Team:Edinburgh/Phage Replication

Phage Replication

A basic activity in biorefinery consists of the degradation of cellulose, due to the presence of enzymes. We are not only concerned with the activities and the amount of enzymes, but also with metabolism and activities of bacteriophage.

M13 Replication

M13 is a filamentous bacteriophage: a worm-like virus approximately 1 um long with a 10 nm diameter that infects only E.coli.

• The viral particle consists of a single-stranded, closed circular DNA core surround by a protein coat.
• Prior to virus assembly, the coat proteins are fixed in the bacterial membrane by transmembrane domains.
• During assembly, viral DNA is extruded through the membrane and concomitantly enveloped by coat proteins.
• The ends of the assembled virus are capped by four minor coat proteins, and the length of the filament is covered by several thousand copies of the major coat protein(P8).

From Slonczewski and Foster (2010).

• The M13 phage attacks E. coli (host), multiplies in the host cell cytoplasm, and is released without causing the bacteria’s death (non-lytic).

Phage dynamic model

At first thought, the rate of change of population = production rate of population - loss rate of population.

For non lytic M13 phage

• dx/dt=a*k1*x-b*v*x

Rate of change of quantity of uninfected E. coli equals to the uninfected E. coli replicate itself minus the E. coli infected by M13 phage.

• dy/dt=a*k2*y+b*v*x

Rate of change of quantity of infected E. coli equals to the quantity of infected E. coli replicate itself plus the E. coli infected by M13 phage.

• dv/dt=c*y-b*v*x-m*v

Rate of change of quantity of free phage equals to the phage released by infected E. coli minus the phage which is to infect an E. coli and the decayed phage.

X(t) — uninfected E. coli

Y(t) — infected E. coli

V(t) — free phage

a — replication coefficient of E. coli

b — transmission coefficient of phage

c — replication coefficient of phage

m — decay rate of phage

K1, K2 — account for the difference of the rate of replication between infected E.coli and uninfected E.coli

Simulations

The MATLAB code uses a Runge-Kutta method of order four to solve the system.
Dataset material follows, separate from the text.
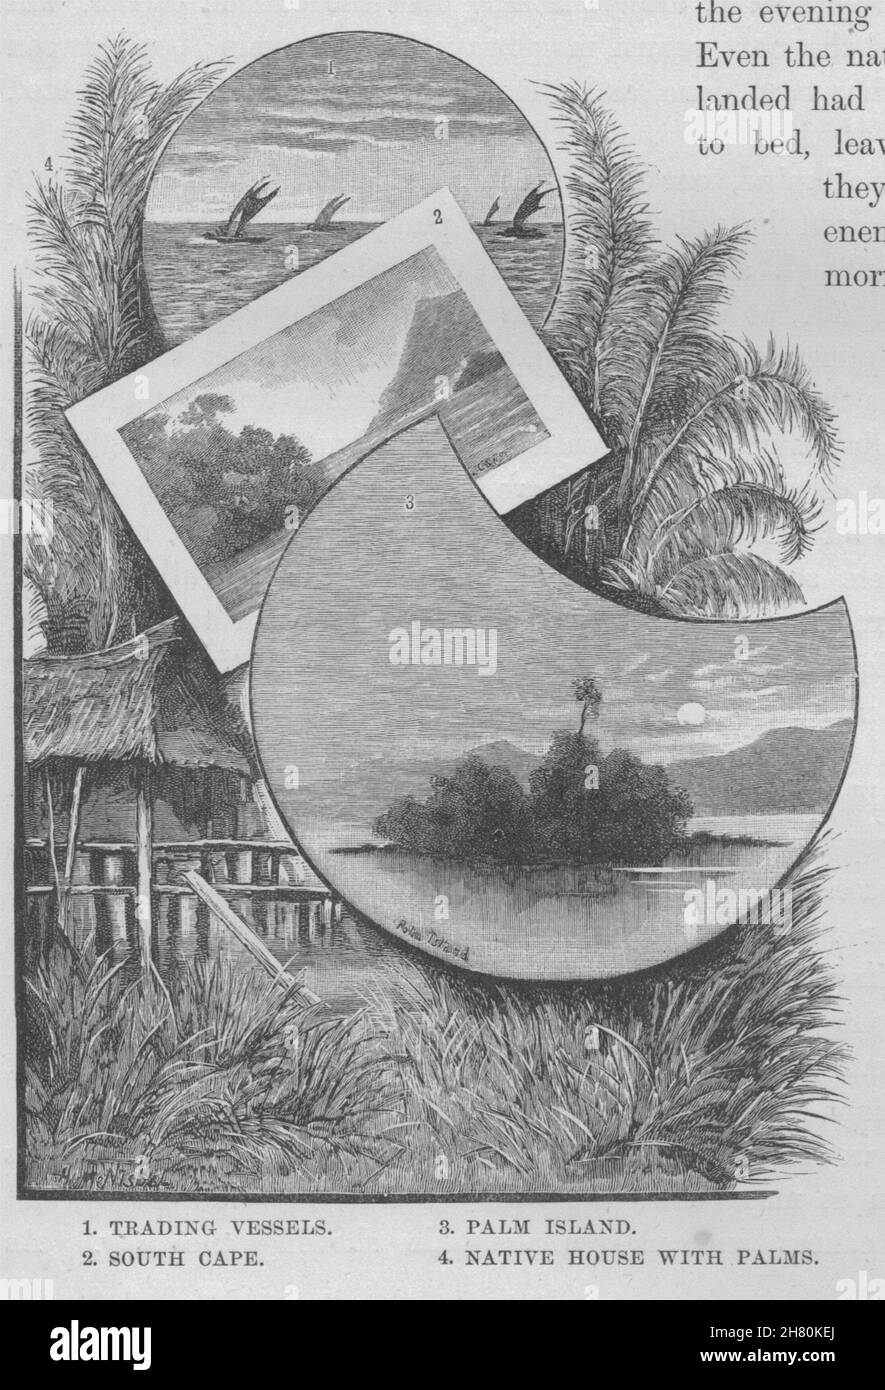 Trading Vessels. South Cape. Palm Island. Native house Palms. New Guinea 1890 Stock Photo

simulation value: x0=2.00E3 y0=v0=2.00E5

The above figure shows a simulation going over 15 hours.

The simulation shows when the amount of uninfected E.coli is significantly smaller than others, the infected E. coli population dominates.

simulation value: x0=v0=2.00E5 y0=2.00E3

The above figure shows a simulation going over 15 hours.

The simulation shows when the amount of infected E.coli is significantly smaller than others, the infected E. coli population dominates as well.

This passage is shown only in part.